For example, to simplify things, if I'm a decision maker I can care less whether my response rate is statistically different than others. I want to know what does that response mean to my bottom line given the investment and how can the incremental difference between campaigns be quantified in terms of \$\$\$ and next steps for improvements.
If I'm an analyst or even more so a marketer, I'd rather focus on that aspect of my analysis than statistical significance of tests applied to response rates.

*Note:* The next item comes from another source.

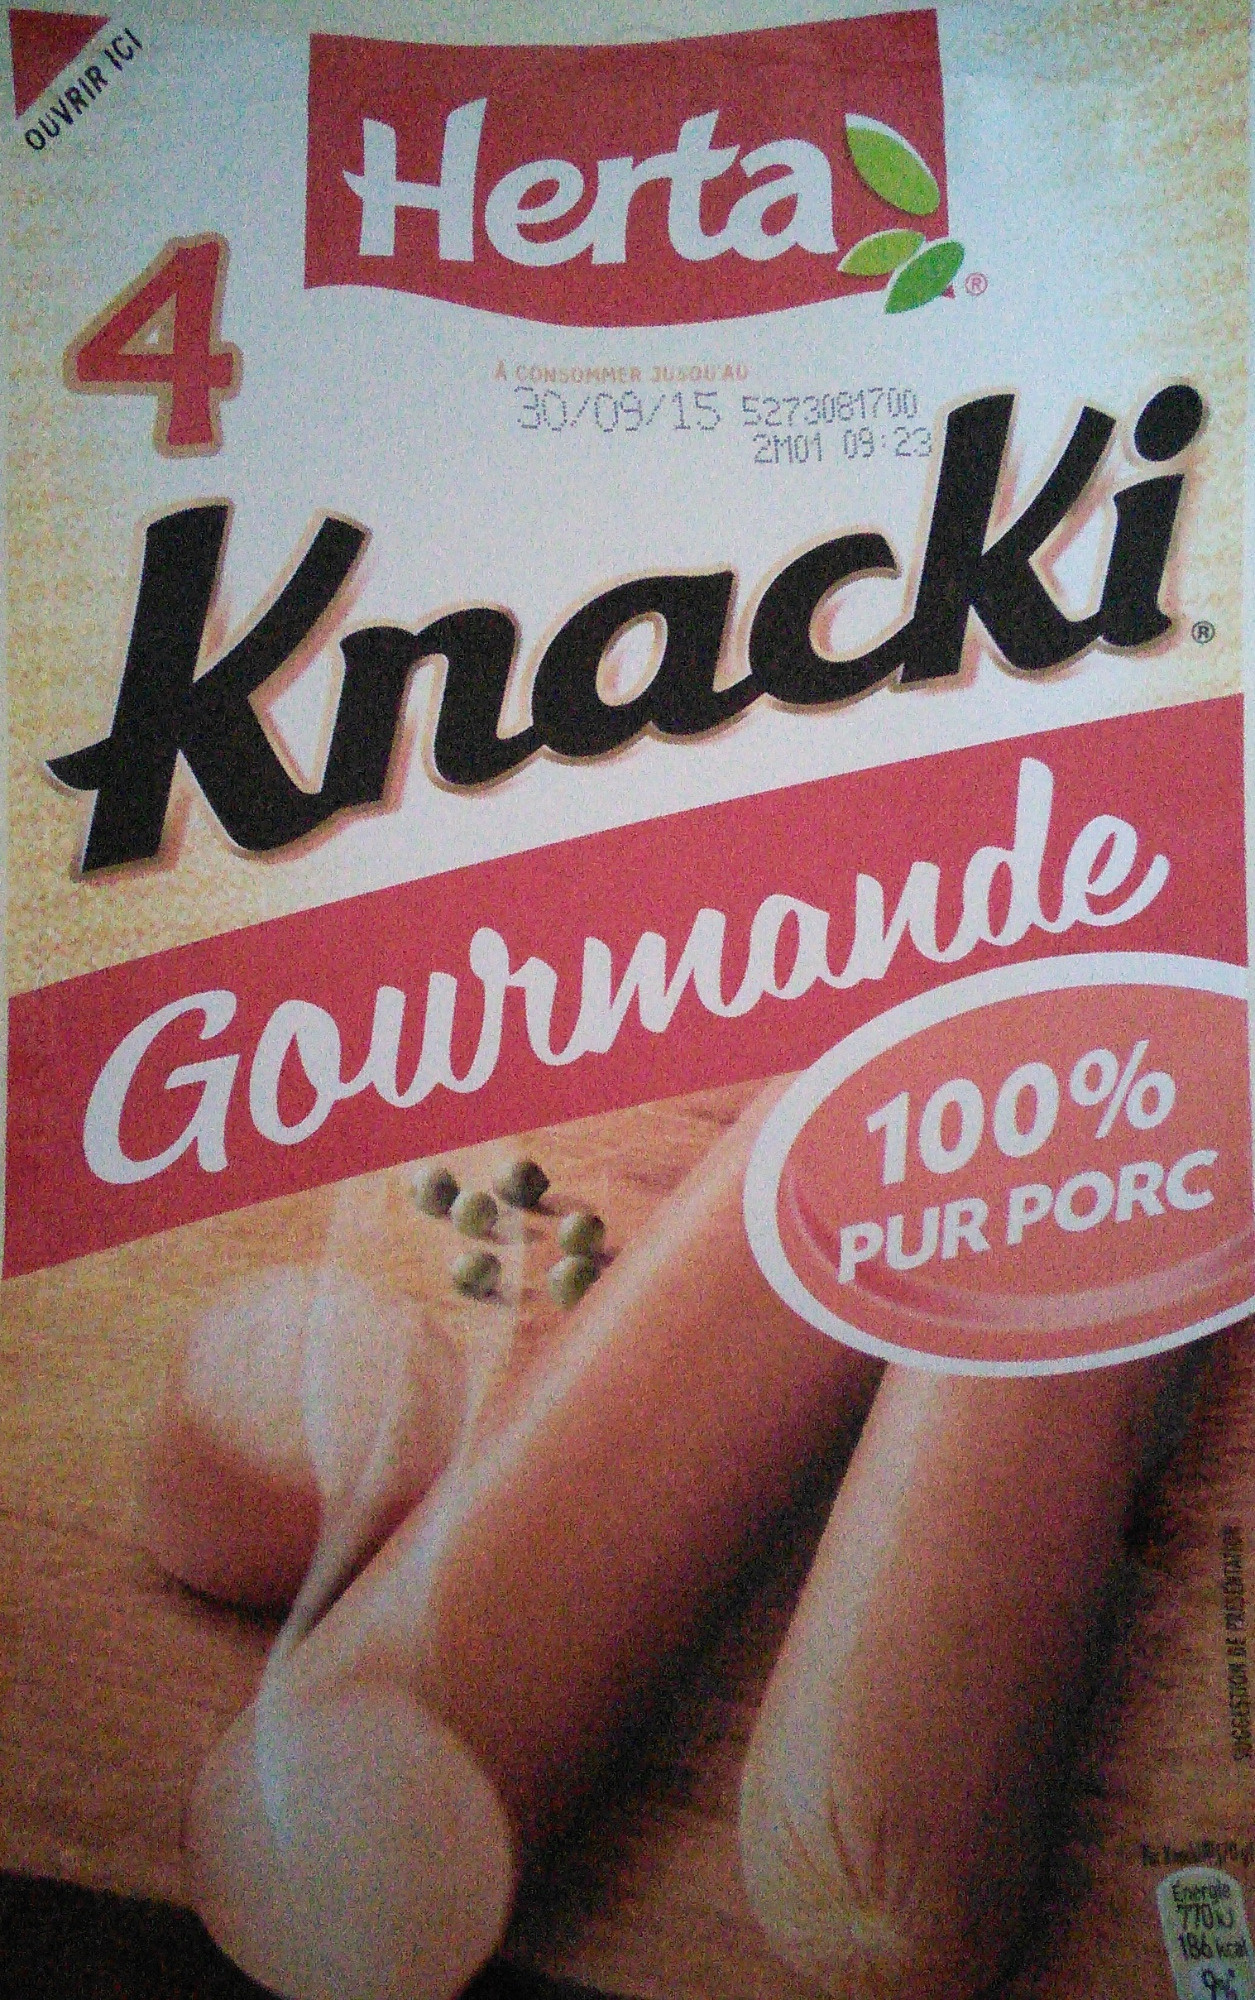 Knacki Gourmande Herta 100% Pur Porc - Product

I can care less if XYZ test says my new campaign response rate of 1.2% is not statistically different from the old one of 0.9%. What I care about is that that 0.3% inceremental reactiavation means that I will potentially make \$1,000,000 to the company.
The difference in response you mention (1.2 vs 0.9) could be a fluke of random events and you'd be gambling you're company's money and in stead of . Statistics will give you more confidence in making your decision. If you have to segments of 5000 consumers with these response rates and you perform a Z test you'll find that the confidence level of the difference is 91.5%. This at least gives you the information that you've taken the decision to interpret the difference as significant while there's still a 8.5% chance that the difference is caused by randomness.
I suppose we have a misunderstanding here.
My example given above pertains to a "main" mailing of millions pieces of mail, not a test of 5000 or so.
0.3% response increase in those circumstances can indeed make a monetary impact on a bottom line, future customer retention effors, ROI etc.
I can see the logic you describe be applied in a test/control group setting though.
"Statistically significant" simply means that the difference you have seen is unlikely to have occurred purely by chance and is therefore likely to be a "real" effect. If the result is not statistically significant then, however attractive the potential profit might look from the pilot study, you simply don't know whether you will get a similar result when you make your investment. Unless you have calculated statistical confidence limits for the expected improvement (giving best and worst case results) you could just as easily see a drop in profit once you go live in a larger market.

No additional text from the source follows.